##### Information shown

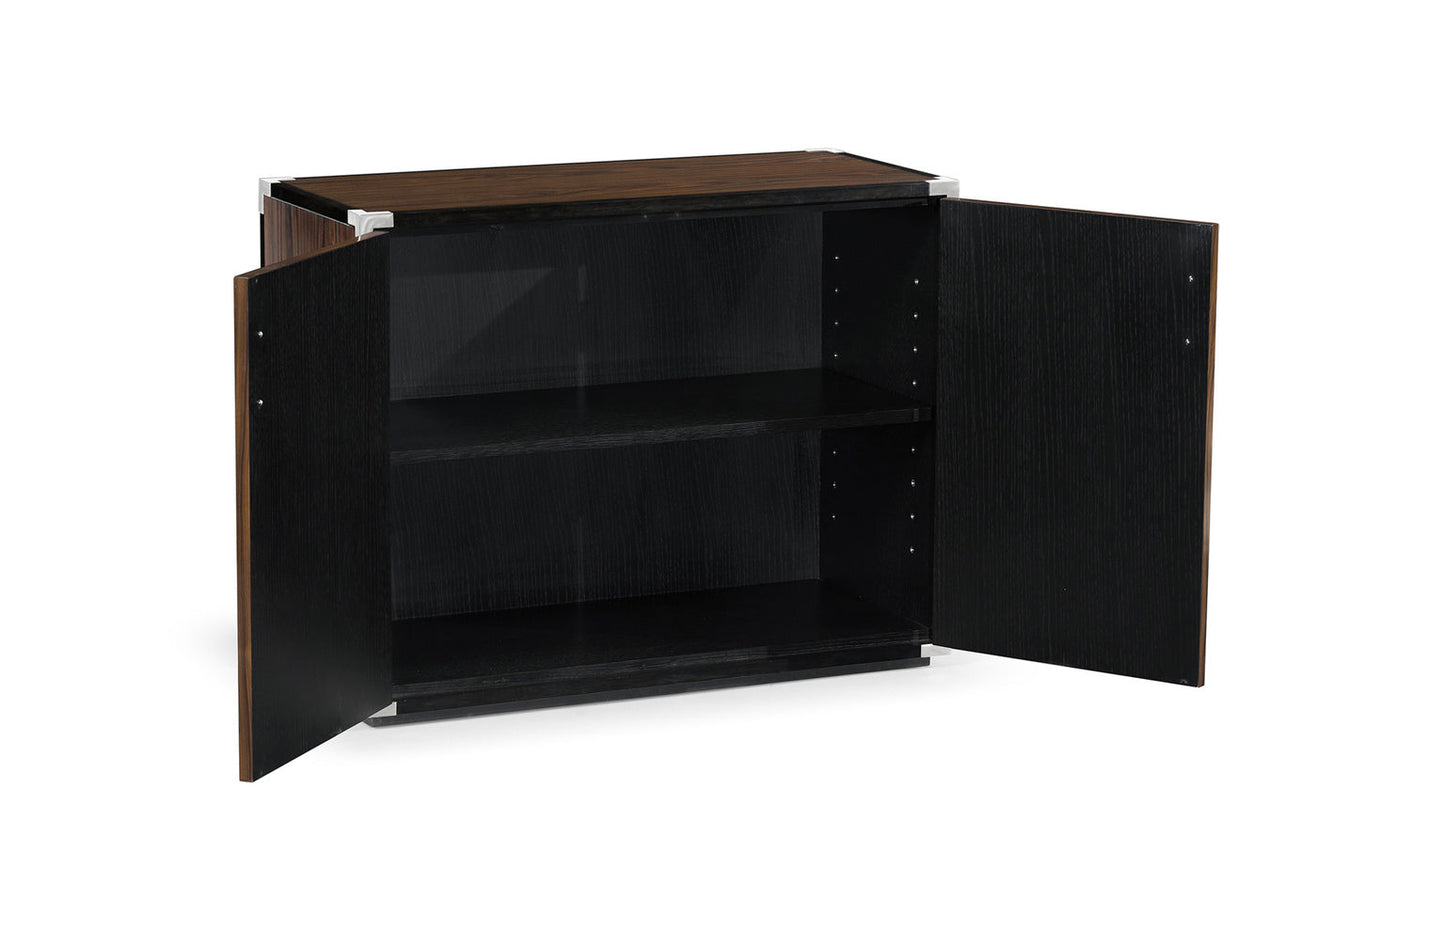 Campaign Style Dark Santos Rosewood Filing Cabinet
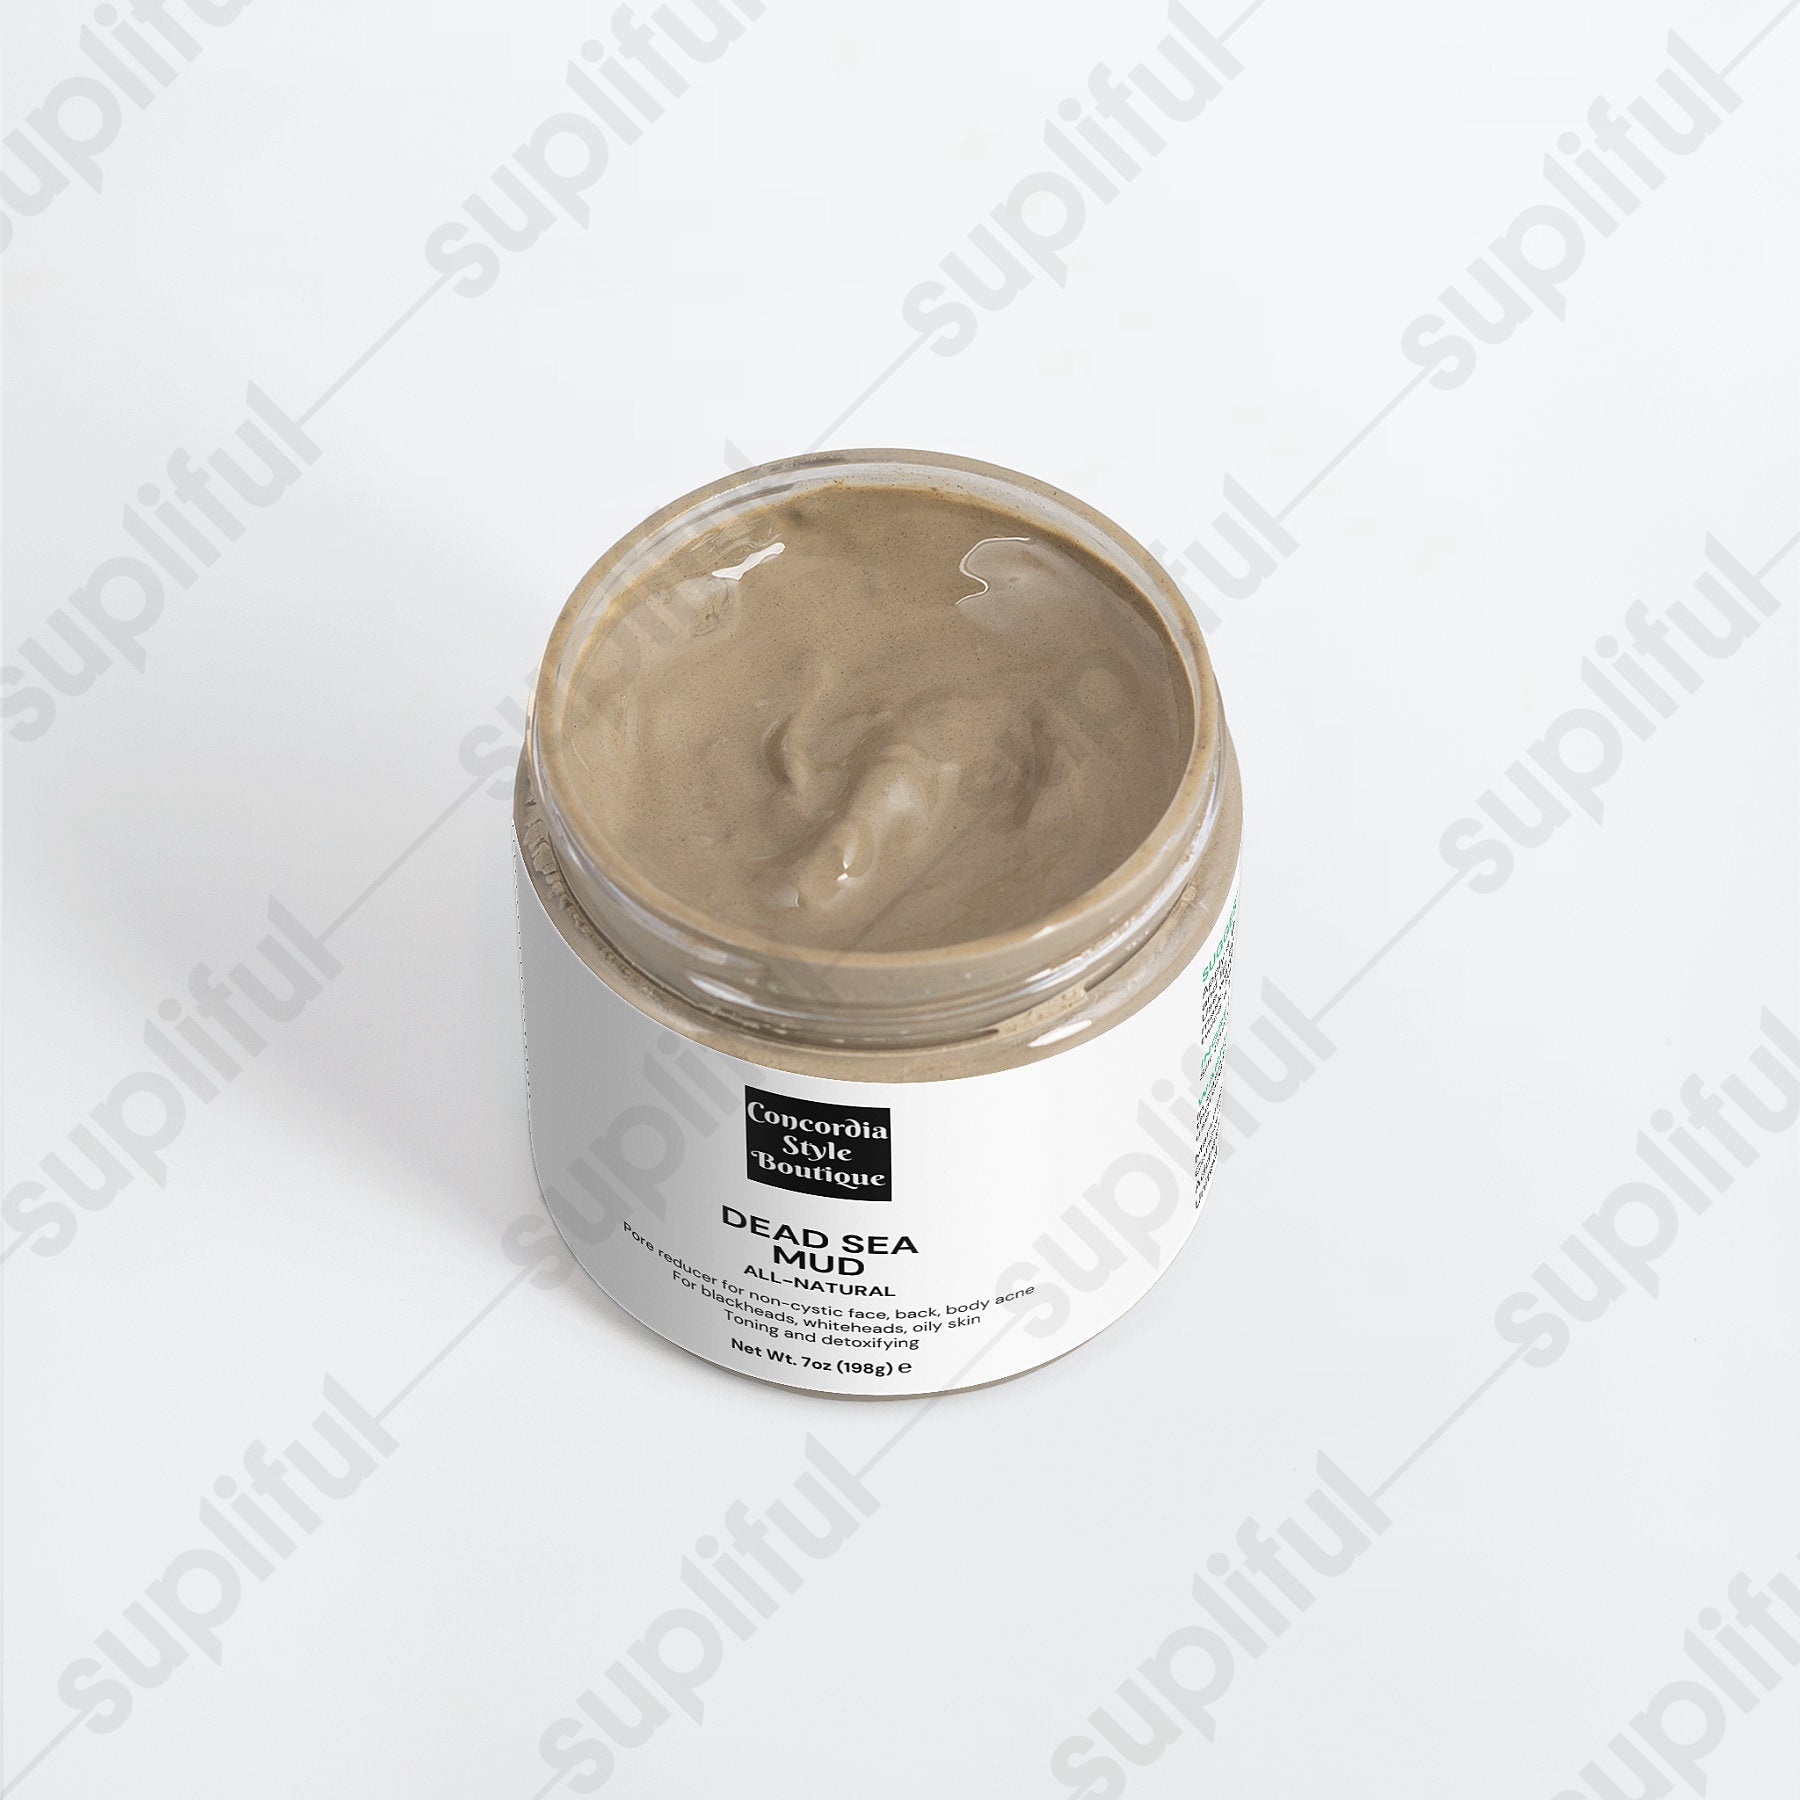 Dead Sea Mud - Ships exclusively to US - Premium Dead Sea Mud from Concordia Style Boutique - Just $23.95! Shop now at Concordia Style Boutique
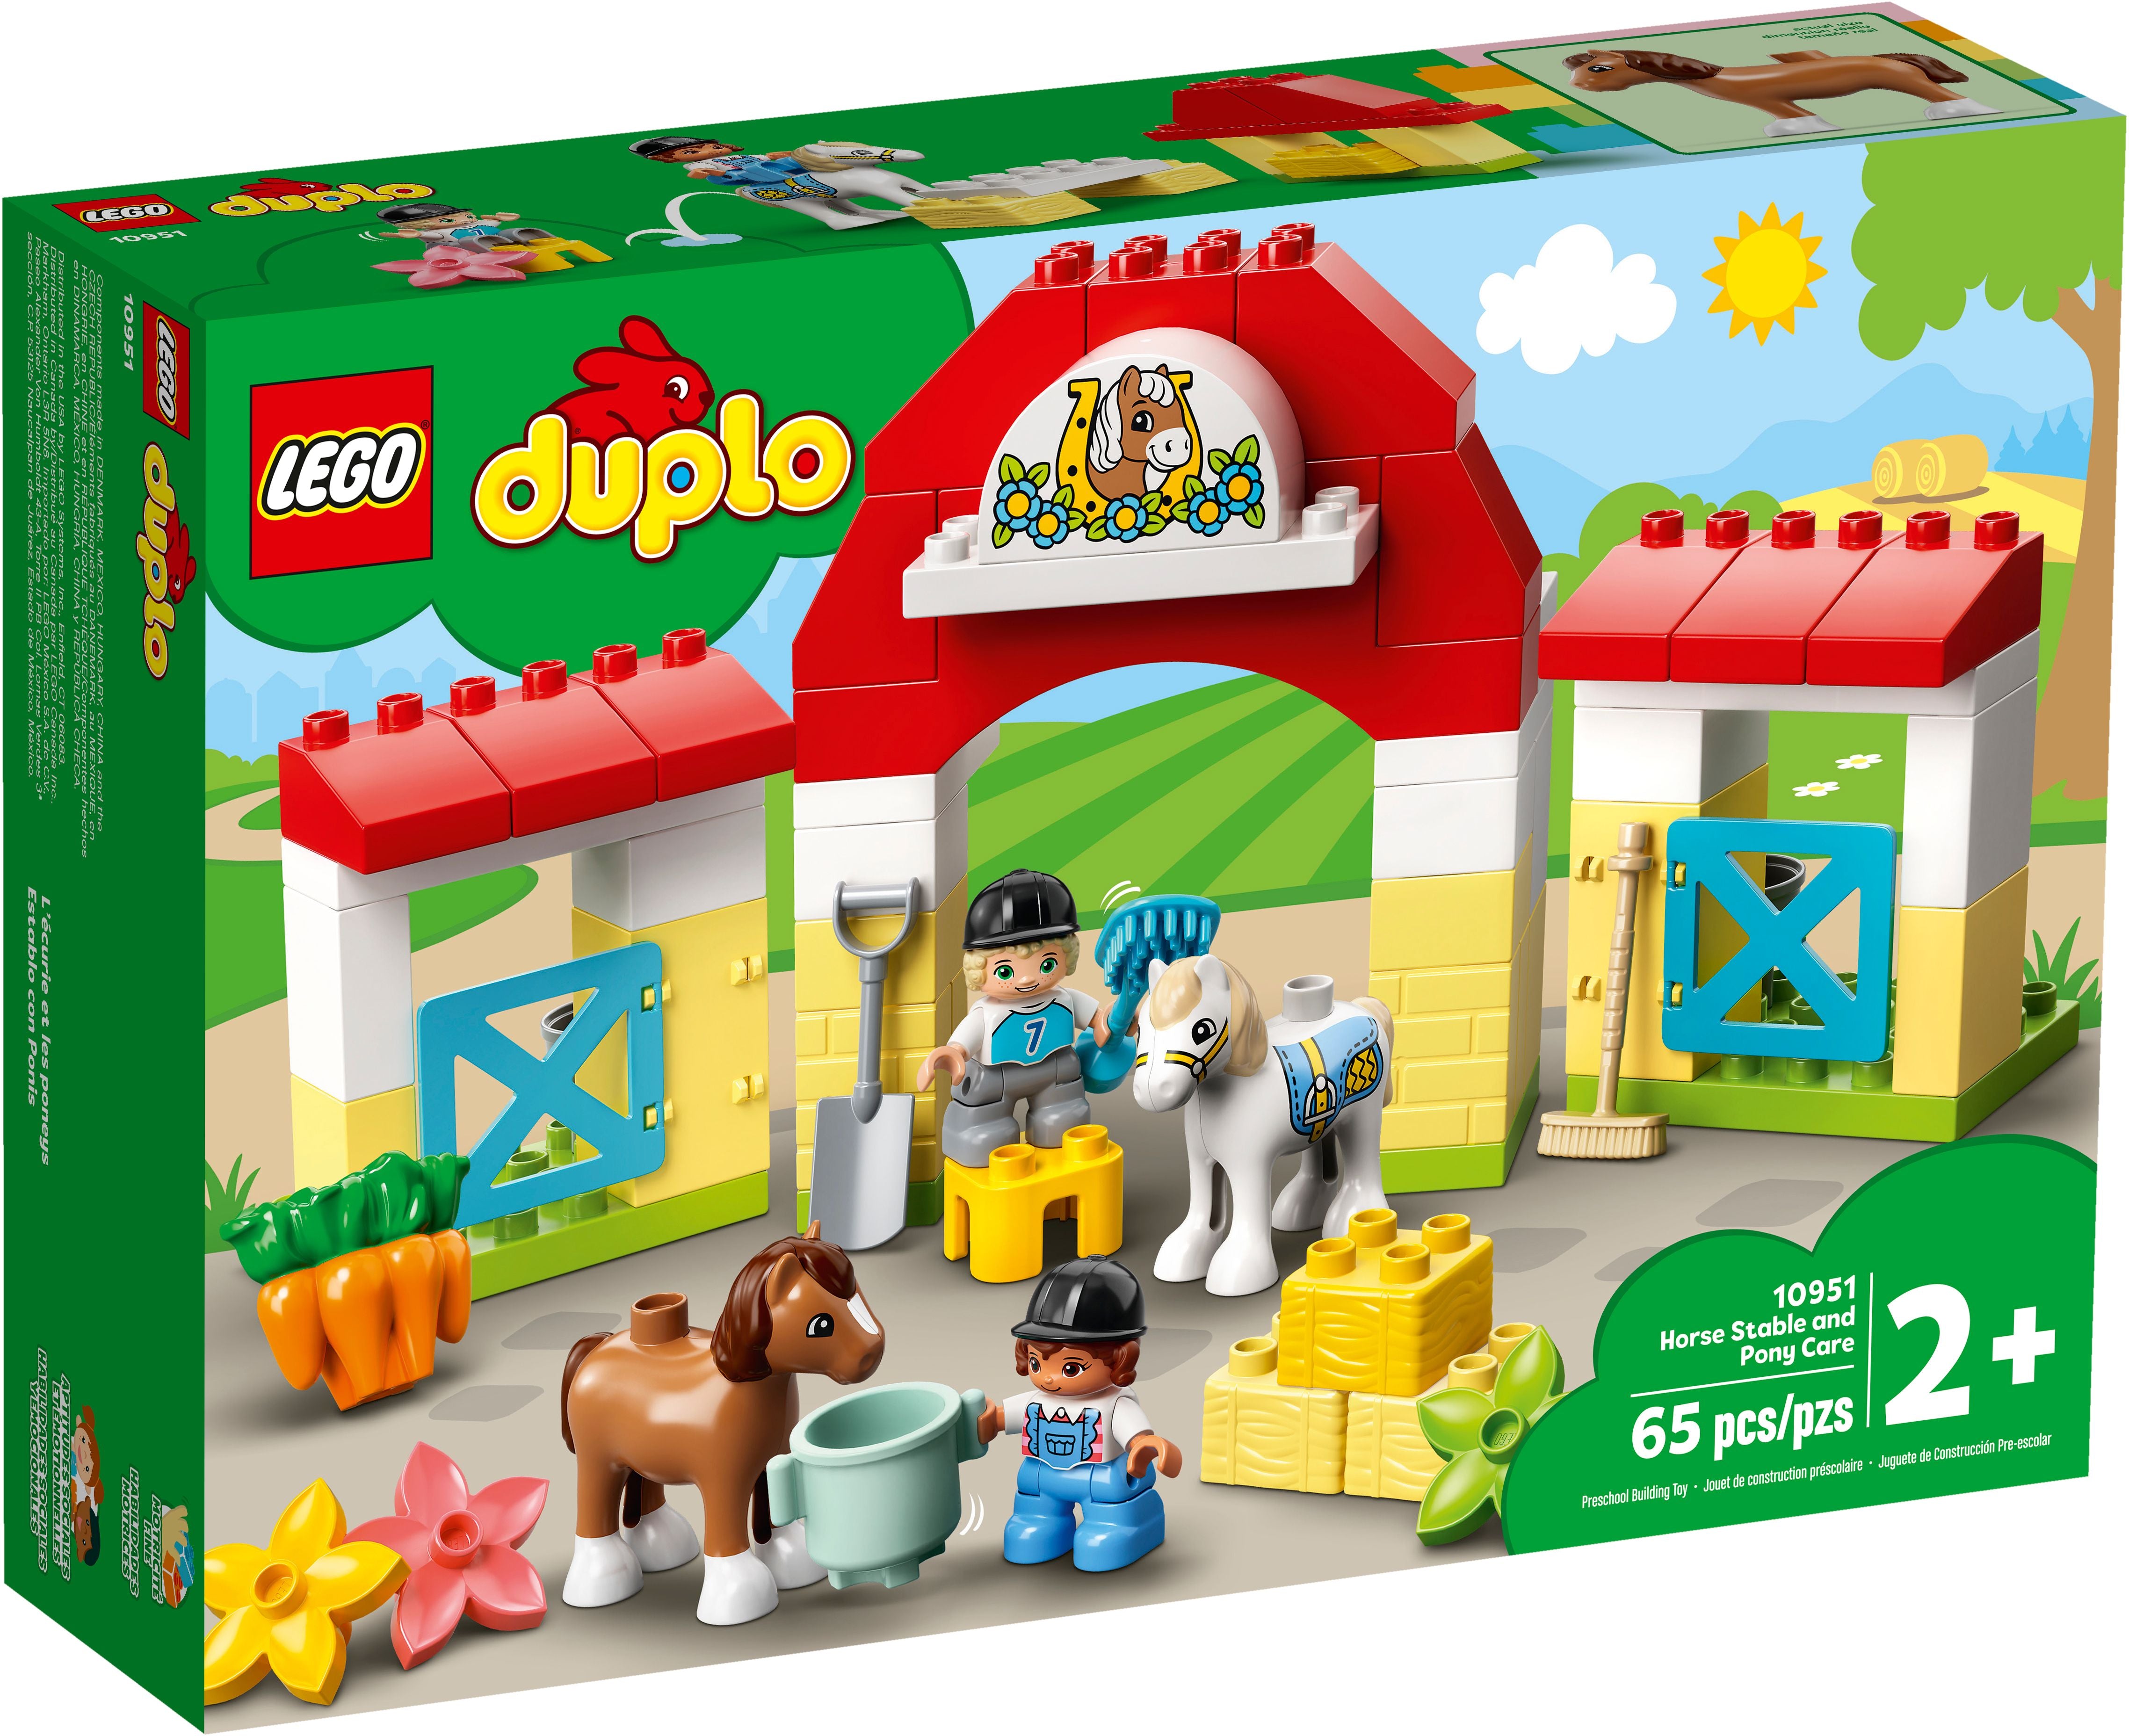 LEGO: DUPLO - Horse Stable and Pony Care

##########

-- Task goal --
What you return should be the whole listing, word for word, without its pictures.

-- Your response --
 Campaign Style Dark Santos Rosewood Filing Cabinet
 Dead Sea Mud - Ships exclusively to US - Premium Dead Sea Mud from Concordia Style Boutique - Just $23.95! Shop now at Concordia Style Boutique
 LEGO: DUPLO - Horse Stable and Pony Care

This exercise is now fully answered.